Udang hias dalam buku Shrimps, Crayfishes, and Crab in the Freshwater Aquarium yang ditulis Uwe Werner, digolongkan sebagai anggota keluarga Atyideae.

Udang hias yang berukuran mini menjadi pelengkap dalam aquascaping itu memiliki 15 genus antara lain Caridina, Neocaridina, dan Atyopsis. Sebagian besar udang-udang hias tersebut hidup di perairan tawar di Afrika dan Amerika Latin. Mereka membentuk koloni berpopulasi 40-50 ekor dengan pakan utama alga hijau.

Dari 15 genus udang hias itu, hanya genus Caridina dan Atyopsis yang disukai pehobi. Keduanya memiliki paduan warna indah dan terang. Yang lain seperti genus Neocardinia mempunyai ciri totol-totol hitam. Salah satu jenis yang populer bertubuh merah kristal. Di sela-sela warna itu menyembul guratan putih melintang. Dialah red crystal. Udang mini tersebut hasil mutasi dari sesama udang mini, yakni black zebra.

Seberapa populer udang tersebut? Bila Anda berjalan di toko-toko akuarium di Nagoya dan Tokyo di Jepang, harga seekor red crystal mencapai 2.000 yen setara Rp400.000. Meski mahal red bee-sebutan lain red crystal-laku bak kacang goreng. Pehobi di negeri matahari terbit itu memang kesengsem keelokkan red bee yang diperkenalkan pada 1998.

Penyilang red crystal tersebut adalah Hisayasu Suzuki asal Nagoya pada 1992. Pria berkulit sawo matang itu merajut sukses setelah 6 tahun bersusah payah mendapatkan mutasi black zebra-crystal red-yang permanen. Setidaknya ia mengeluarkan modal sampai 80-juta yen untuk memproduksi red bee dari 3.000 induk black zebra.

Di Jepang, semua penjualan red bee dimonopoli oleh pemilik restoran sushi di Aichi tersebut. Udang yang dijual rata-rata telah distrerilisasi memakai lampu ultraviolet. Maksudnya, agar si mini tersebut tak bisa dipijahkan oleh penangkar lain.

Meski demikian rahasia penangkaran itu terkuak. Ternyata memijahkan red crystal butuh ketelitian tinggi. Pemijahan dilakukan di akuarium aquascaping berukuran 160 cm x 90 cm x 70 cm. Sebetulnya, asalkan pH, suhu, dan kadar CO2 di air sesuai, tak sampai 2 bulan red bee berpijah. Namun, jika melenceng, ia sulit beranak-pinak. Maka dari itu penangkaran red crystal butuh prasarana pendukung kualitas air seperti filter dan chiller.

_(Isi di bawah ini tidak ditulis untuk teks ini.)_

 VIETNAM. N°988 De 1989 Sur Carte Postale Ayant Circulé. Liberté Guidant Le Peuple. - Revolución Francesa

Red crystal menyukai air berpH 6,2-7,2 dan bersuhu 22-23 derajat Celcius. Jika berada pada kondisi basa, dalam hitungan jam red bee akan mati. Gejalanya, tubuh red bee berubah dari merah menjadi kecokelatan. Hal sama terjadi disaat suhu air berfluktuasi. Cara sederhana mempertahankan pH adalah menganti air 1/3 dari kapasitas akuarium saban pekan.

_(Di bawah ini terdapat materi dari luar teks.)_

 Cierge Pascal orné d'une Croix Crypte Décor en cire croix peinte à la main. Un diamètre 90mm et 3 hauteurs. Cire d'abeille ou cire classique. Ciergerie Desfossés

Berikutnya, ketersediaan CO2 perlu diperhatikan untuk menjaga kelangsungan hidup tanaman air yang menjadi habitat alami red crystal yang suka bersembunyi dan bertelur dibalik tanaman air. Yang paling disukai dari jenis Cabomba sp. Ia sangat rimbun sehingga red bee mudah menyelinap keluar dan masuk. Untuk itu perlu kadar CO2 15% atau setara 1 gelembung/menit yang diukur melalui bubble counter.

Hingga sekarang tidak diketahui secara pasti perbandingan induk ideal. Namun dengan memasukkan 30 pasang induk berumur 6 bulan (terdiri atas 12 jantan dan 18 betina, red) menginjak bulan ke-3 beberapa betina mengendong telur diperut. Setiap betina rata-rata membawa 20-30 telur. Saat itu induk betina segera bersembunyi di rerimbunan Cabomba sp.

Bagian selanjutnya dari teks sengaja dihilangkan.